Any advice or thoughts much appreciated.
 
This precise question was already asked and answered very thoroughly (IMHO) recently on the site. Try a search.
 
Apologies, I did search back through quite a few pages, and the search function itself turned up nothing for me, hence the "apology in advance" conatained in the first line of my initial post asking for advice.

I will search again in the hopes of turning up something, meanwhile if anyone has any advice to hand I'd really appreciate being pointed in the right direction. Thanks :)
 
This precise question was already asked and answered very thoroughly (IMHO) recently on the site.
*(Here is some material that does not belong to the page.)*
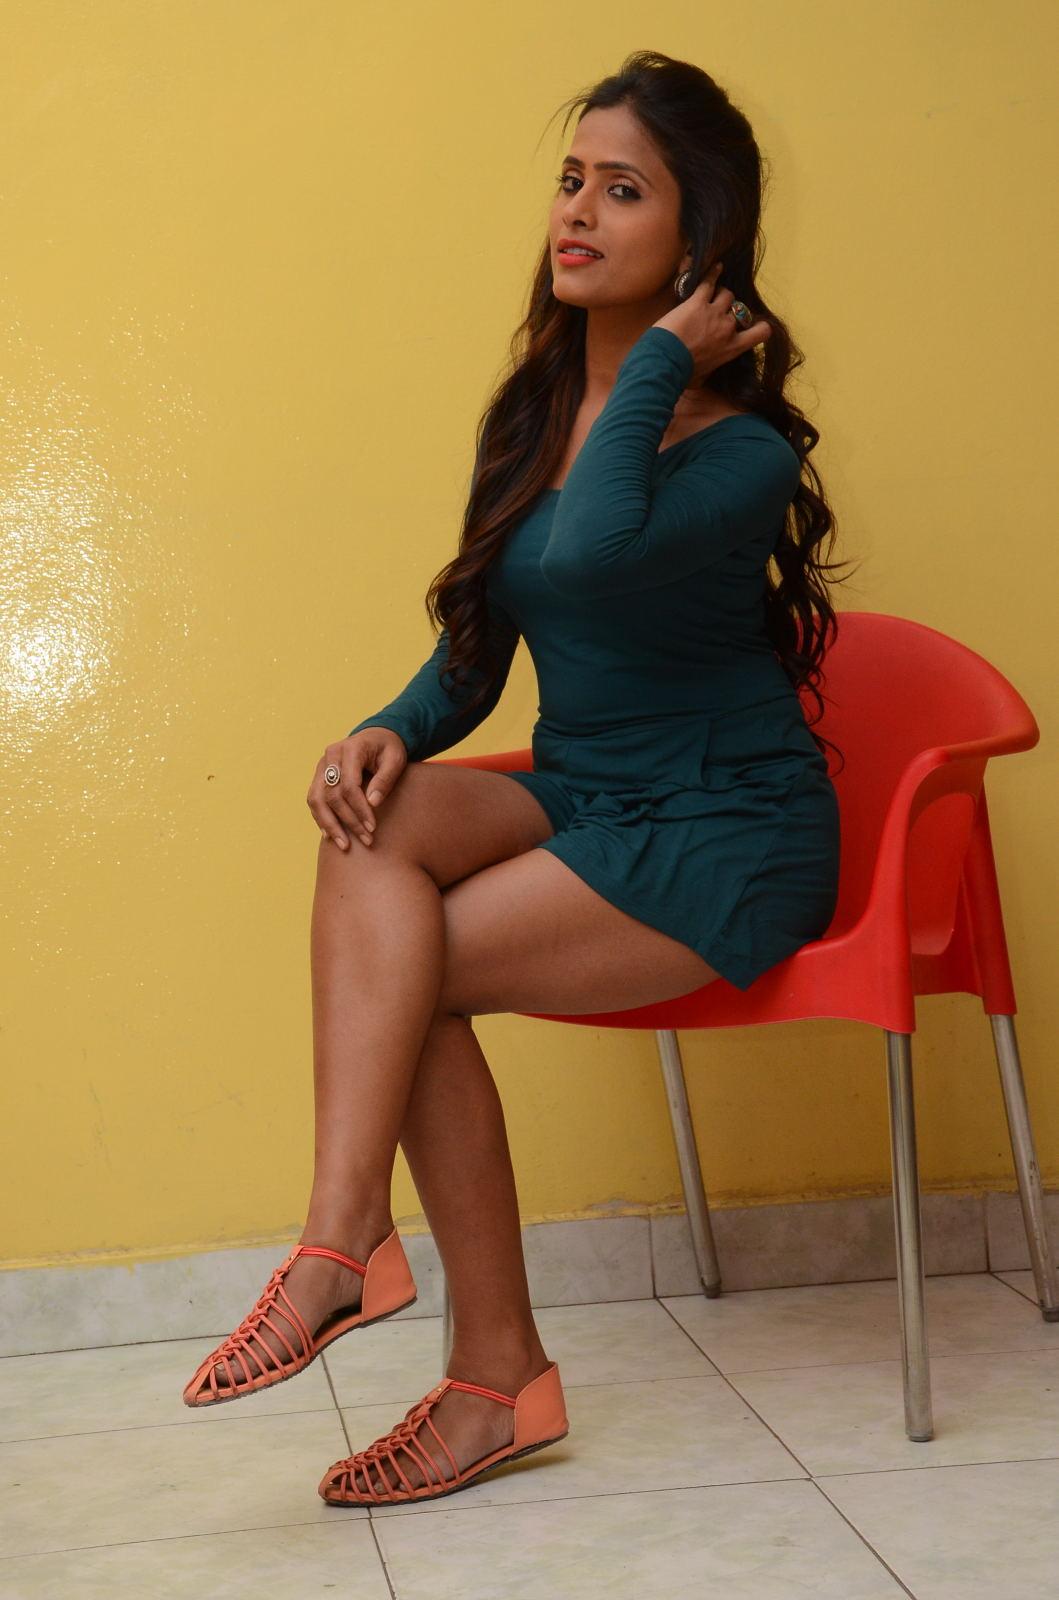 Super Hot Prashanthi In Sexy Outfit  Indian Cinema  Models  Actress-5957

Try a search.


Yeah, it's been around a few times lately and generally people think it's a very bad idea, just wait a few years and it will be yours.
 
Yeah, it's been around a few times lately and generally people think it's a very bad idea, just wait a few years and it will be yours.
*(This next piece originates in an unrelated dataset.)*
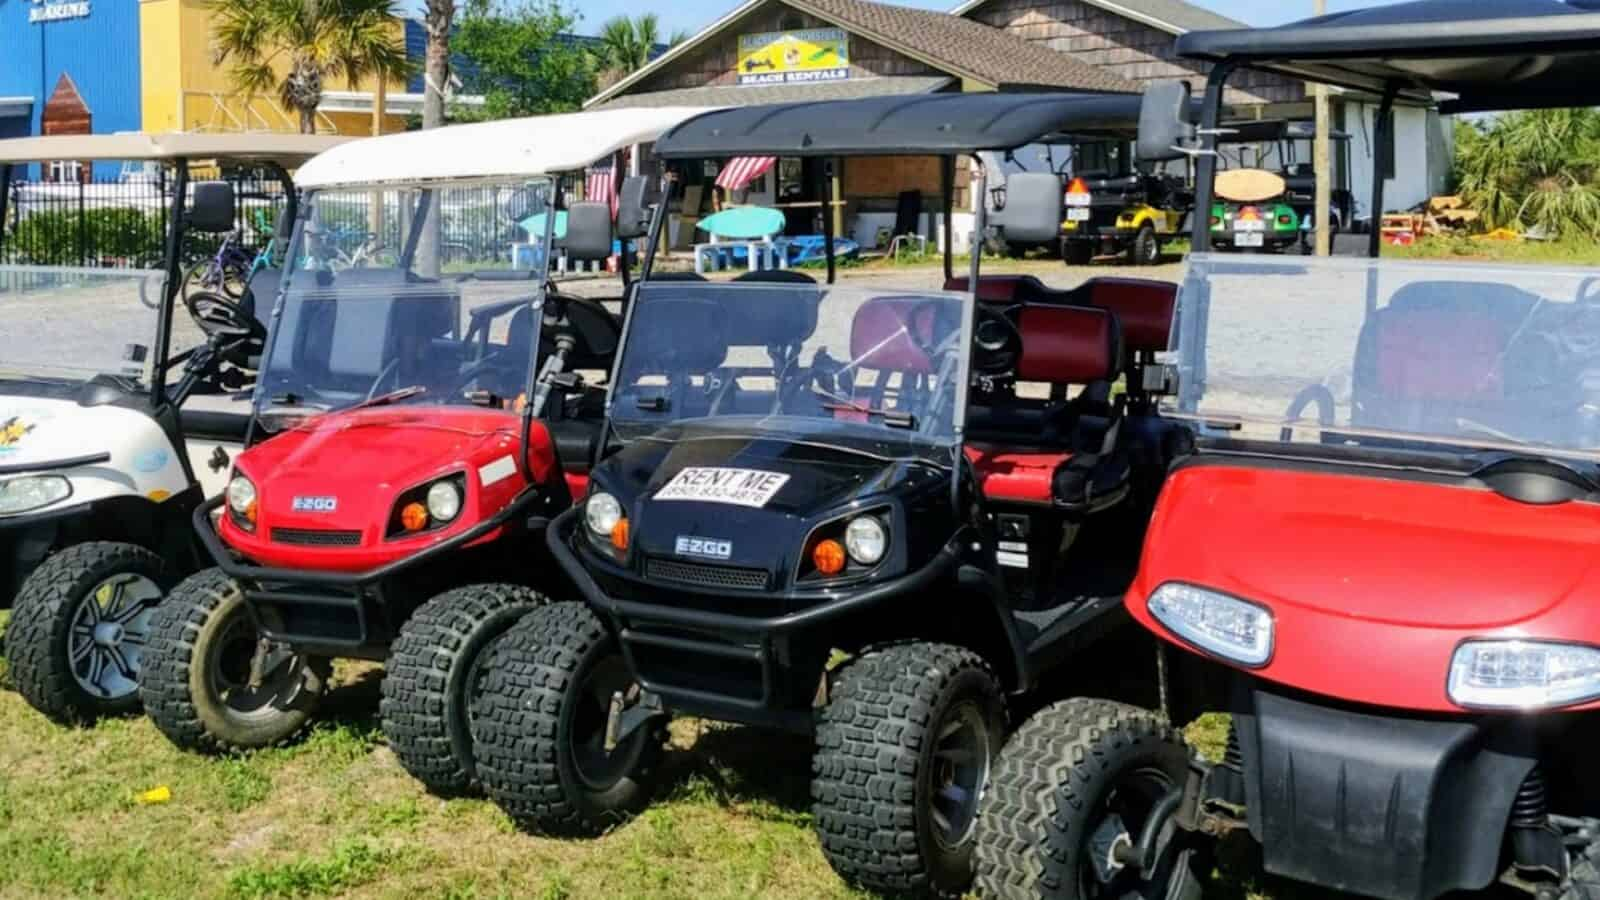 Beachside Motorsports - Panama City Beach Golf Cart Rentals

Ok, so it's generally seen as a bad idea then? Thanks for that, will keep searching for further info as suggested (at page 10 of this forum at this stage and no luck so far :eek:).

Oh and the house is nothing to do with me whatsoever, it's an enquiry on behalf of a distant aged relative and her child who cares for her, they just want to tidy things up if possible and I said I'd see if I could find out some info for them before they approach their solicitor.
 
a lot of the problems seem to arise if this child were to get married - then seperated -the house may no longer remain in the family. sensible option is to leave clear instructions in their will.
 
Thanks a mil for the links, DavyJones, much appreciated! Am having trouble digging up relevant threads on my own for some reason (currently having a very dimwitted day :eek:).
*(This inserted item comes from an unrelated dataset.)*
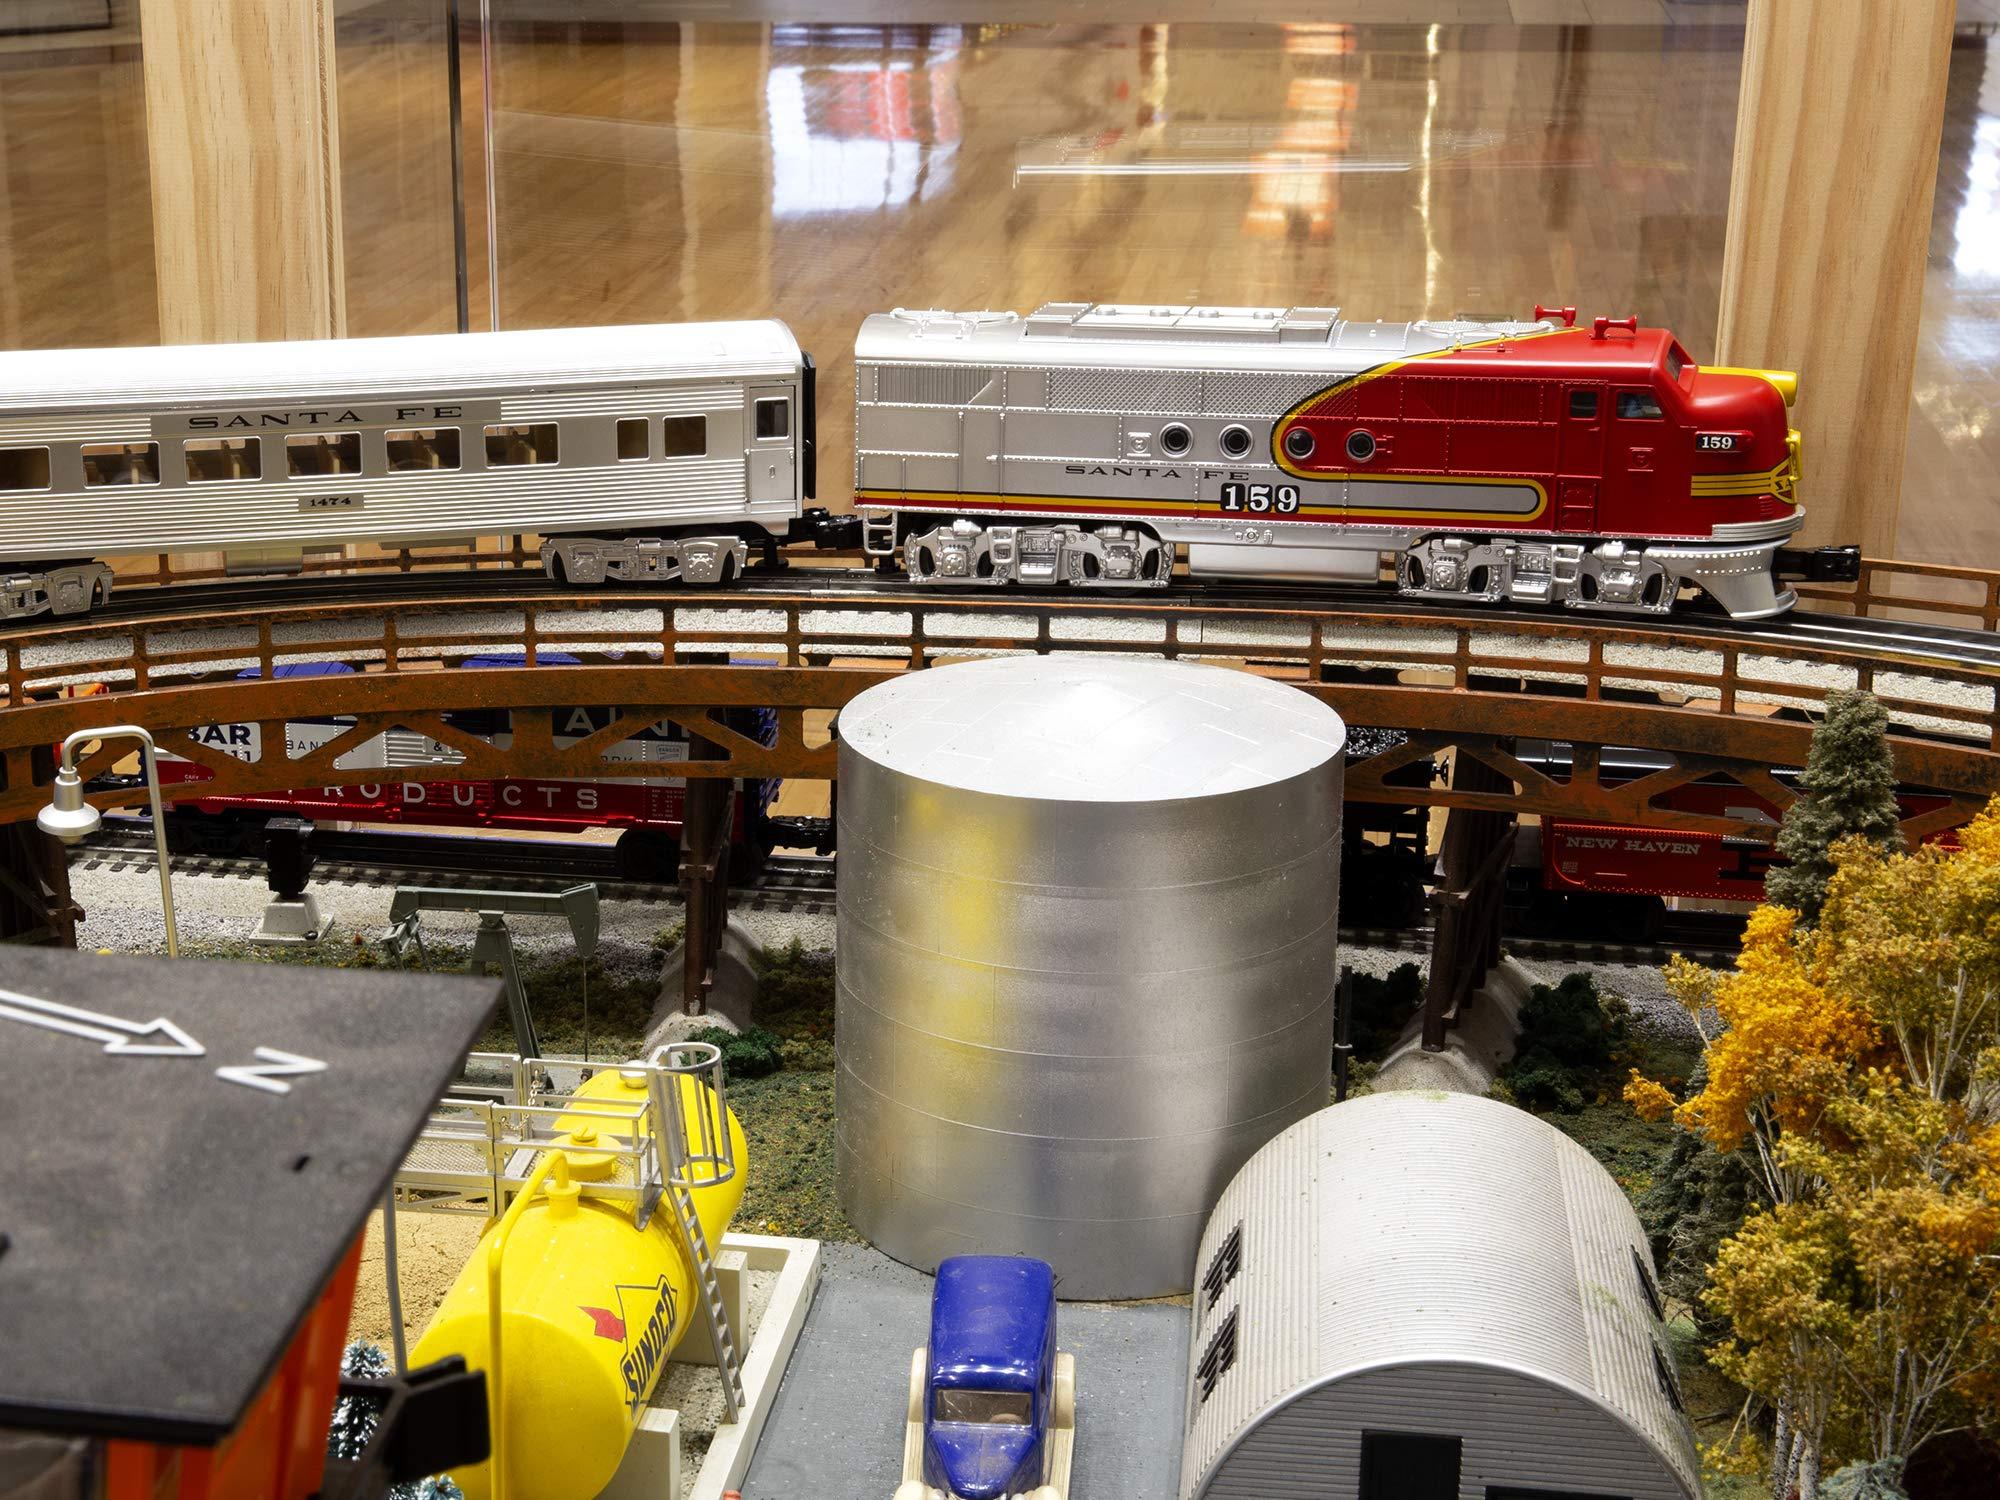 Lionel Santa Fe Super Chief Electric O Gauge Model Train Set w/ Remote and Bluetooth Capability by Lionel (Image #5)

Hellohello, very sensible suggestion, thanks - might suggest to the woman to leave very clear instructions above and beyond the typical "this goes to x, that goes to y" that's seems to be currently in her will.

Situation as it stands is the child who stands to inherit the house is in her 60s and married (and very unlikely at this stage to divorce!), with only one adult child of her own (who is also married and very unlikely to get divorced), the thinking is that the 60 yr old in question who is currently caring fulltime for her parent will inherit the house, and the house will then pass onto her own only child in time.

Perhaps it would be as well to leave the will as it stands so, and forget about transferring the house into her name at this time, and hope that things don't change between the siblings in the future and continue to remain amicable. Thanks for the help!
 
If the situation arose where the sale of the house was neccessitated to fund healthcare/nursing home fees etc, it would of course be sold to fund it, but what implications would there be then, given that the house would be in the name of the child rather than the parent who needs the funds?

The implications would be that the child would have no obligation to sell the house and so the elderly person may miss out on necessary care. Dont under estimate the capacity of people to go back on verbal agreements when they stand to lose €100ks. You also cant see into the future. The recipient child may need to sell the house to raise funds for themselves at some stage in the future.
 
thanks for all the help guys :)
Sorry once again for asking a Q that must crop up very often here, appreciate the patience.
 
Not a good idea from what i have seen in the past. Leave it to the will would be my advice.